=== Section Start ===

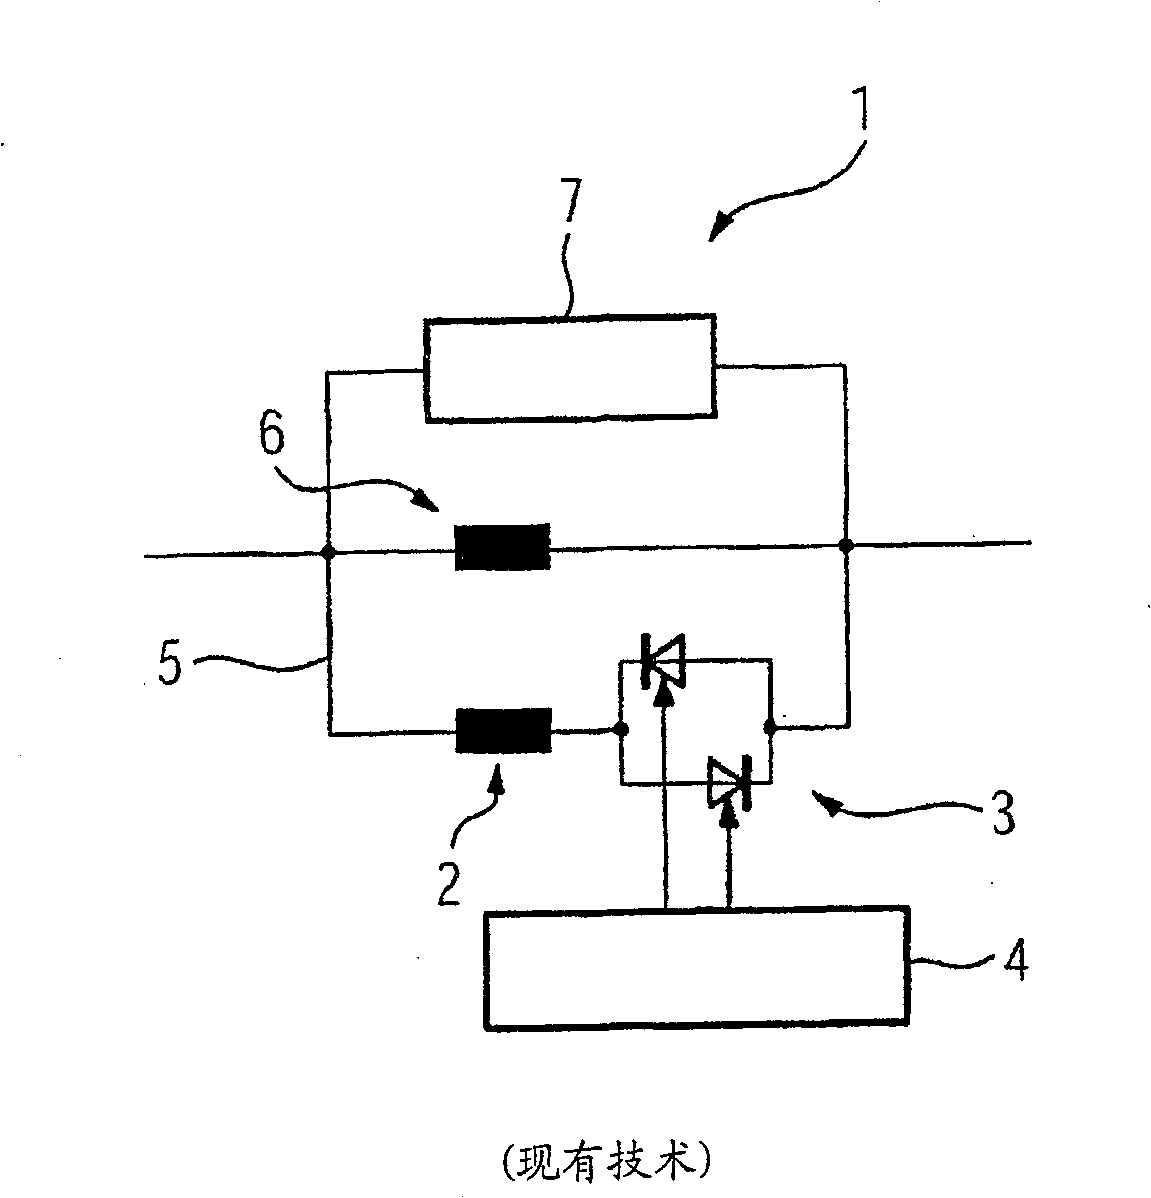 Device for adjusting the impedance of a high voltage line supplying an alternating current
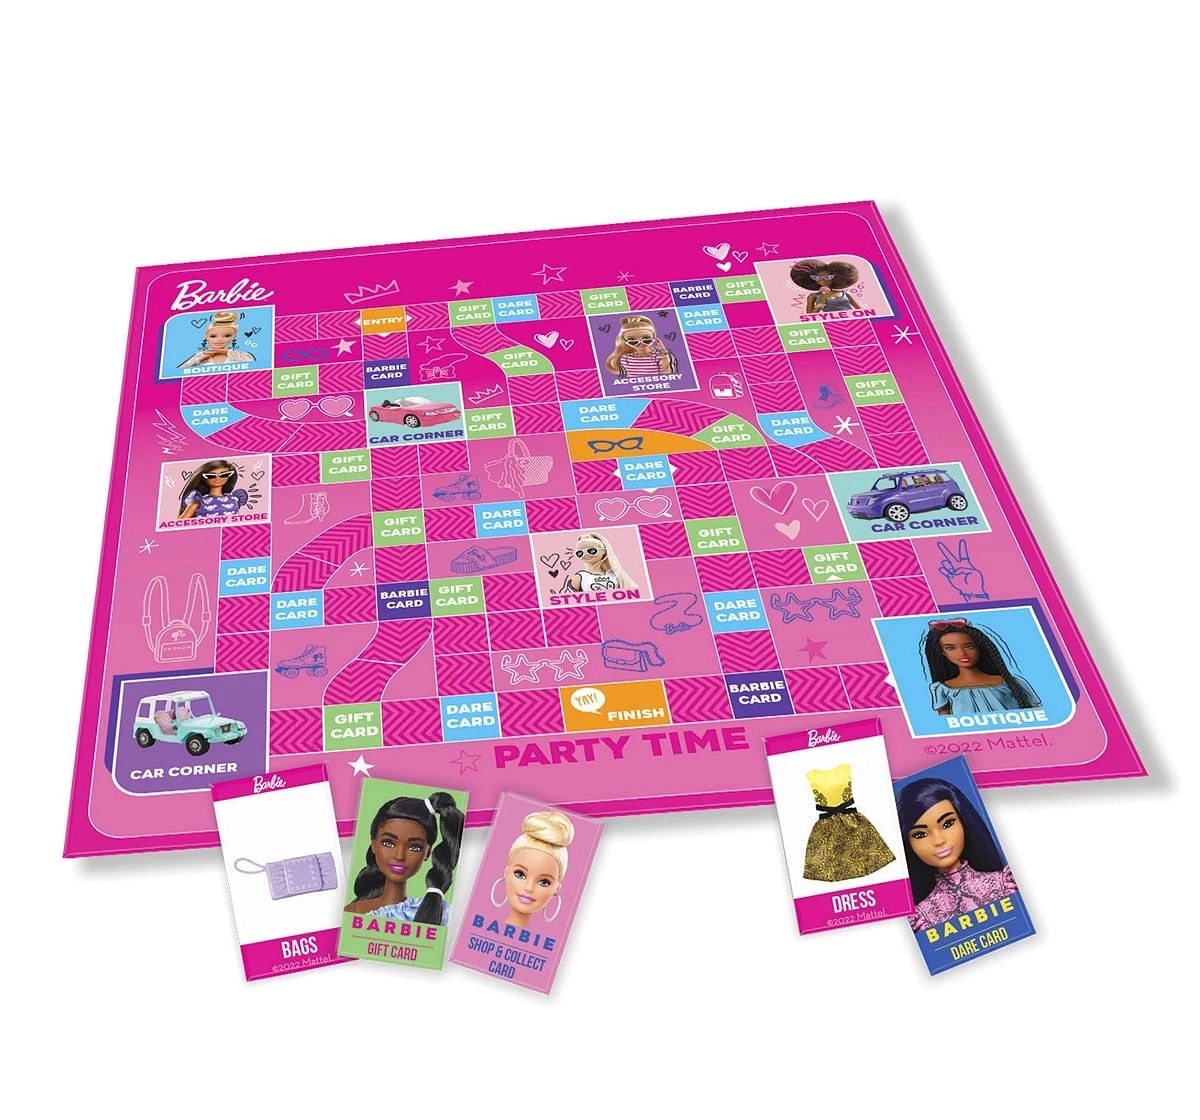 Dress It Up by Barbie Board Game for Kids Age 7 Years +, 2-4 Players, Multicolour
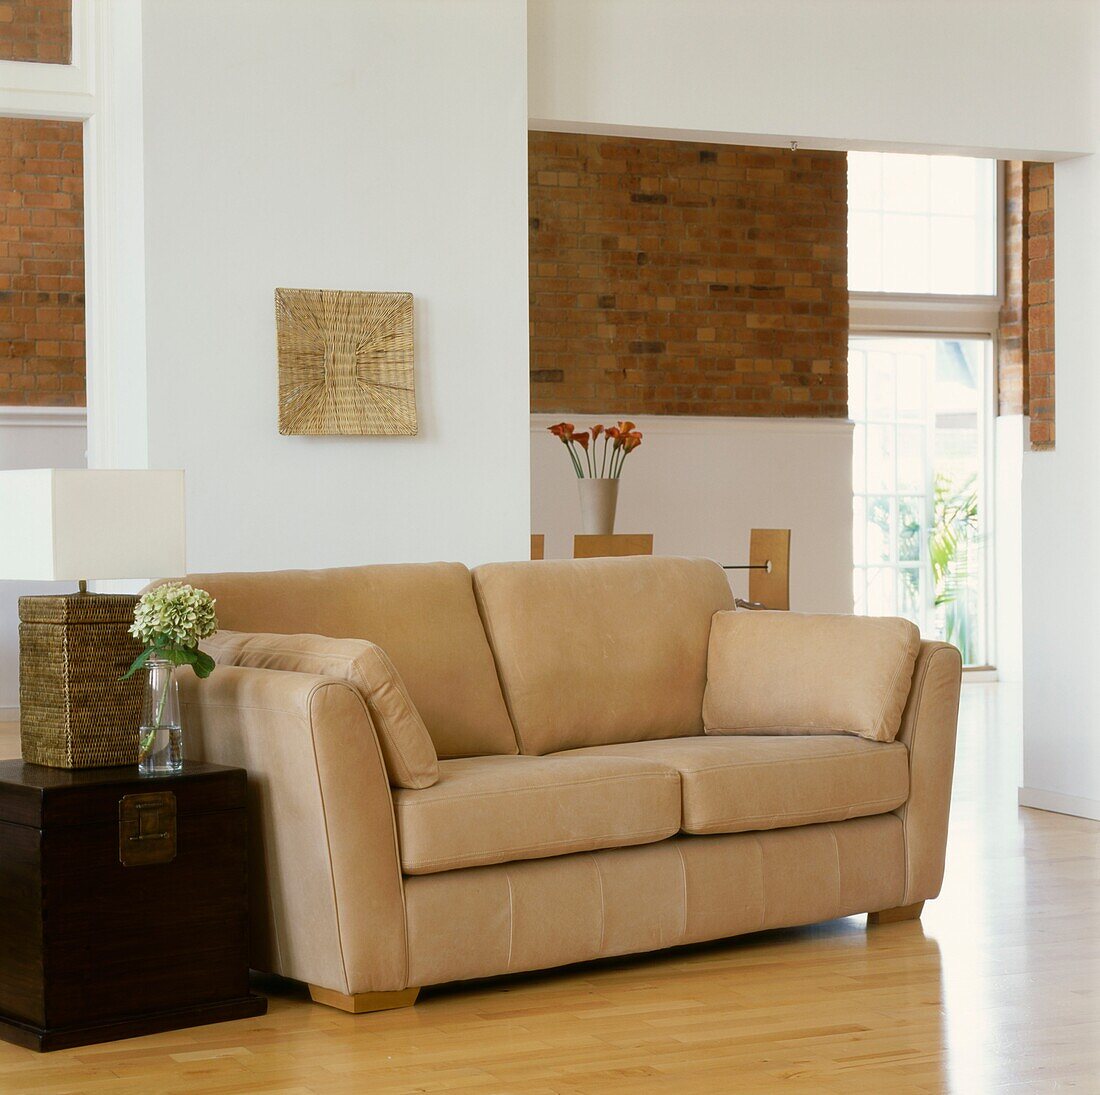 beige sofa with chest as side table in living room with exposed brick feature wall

=== Section End ===
=== Section Start ===

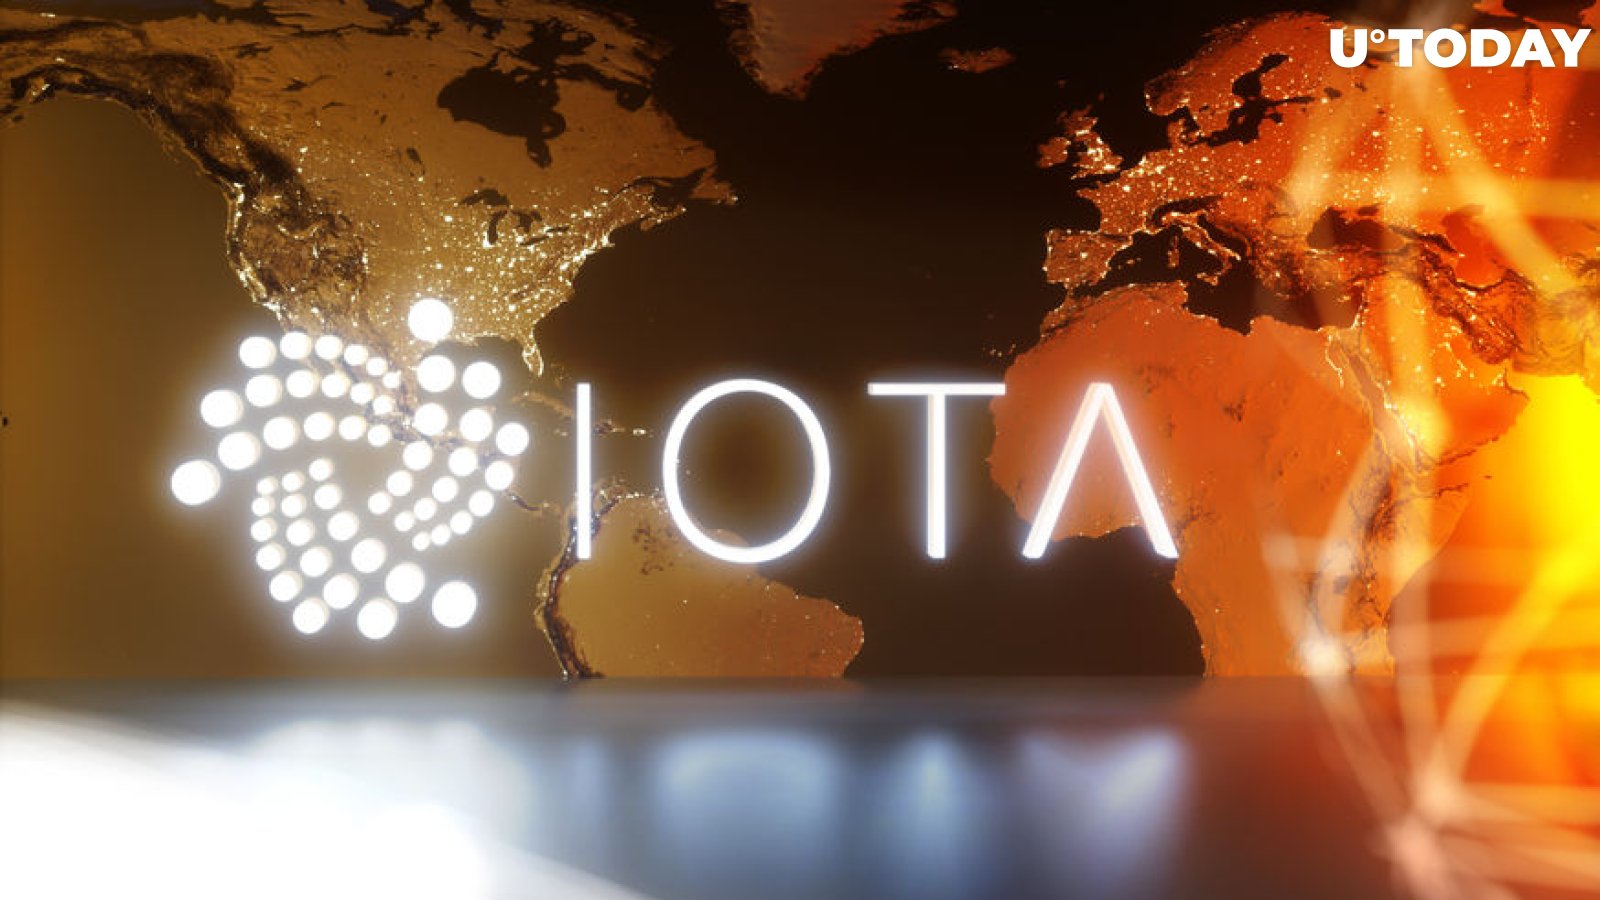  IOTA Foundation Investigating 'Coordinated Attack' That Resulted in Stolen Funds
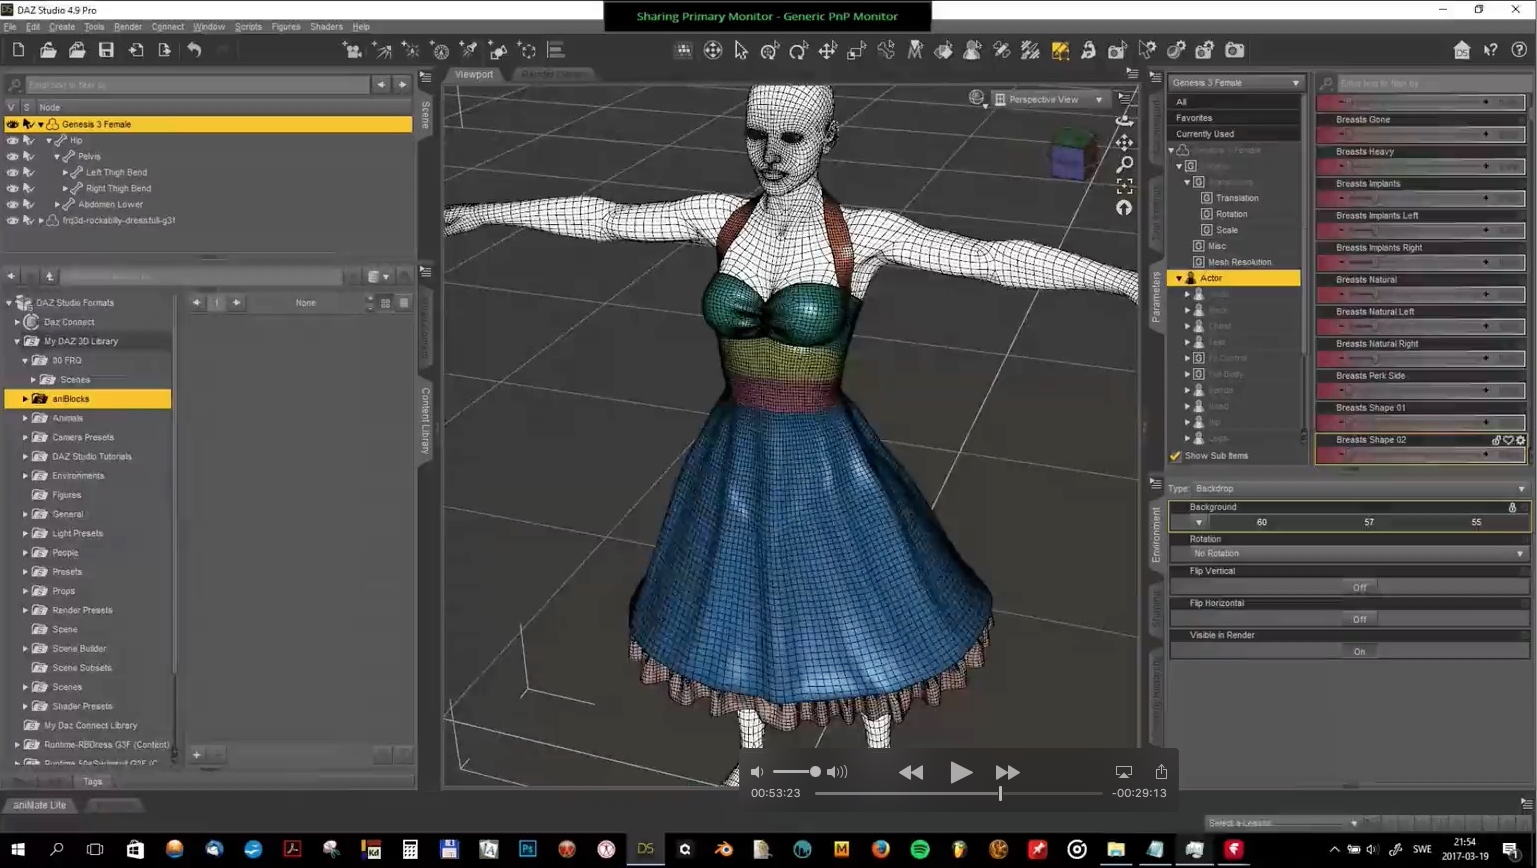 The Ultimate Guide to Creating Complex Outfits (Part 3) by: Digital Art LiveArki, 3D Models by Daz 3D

=== Section End ===

# Task brief
Starting at the line above that holds "Dress It Up", return each line up to and including the one that holds "beige sofa with", exactly as written, minus any pictures.

# Result
 Dress It Up by Barbie Board Game for Kids Age 7 Years +, 2-4 Players, Multicolour
 beige sofa with chest as side table in living room with exposed brick feature wall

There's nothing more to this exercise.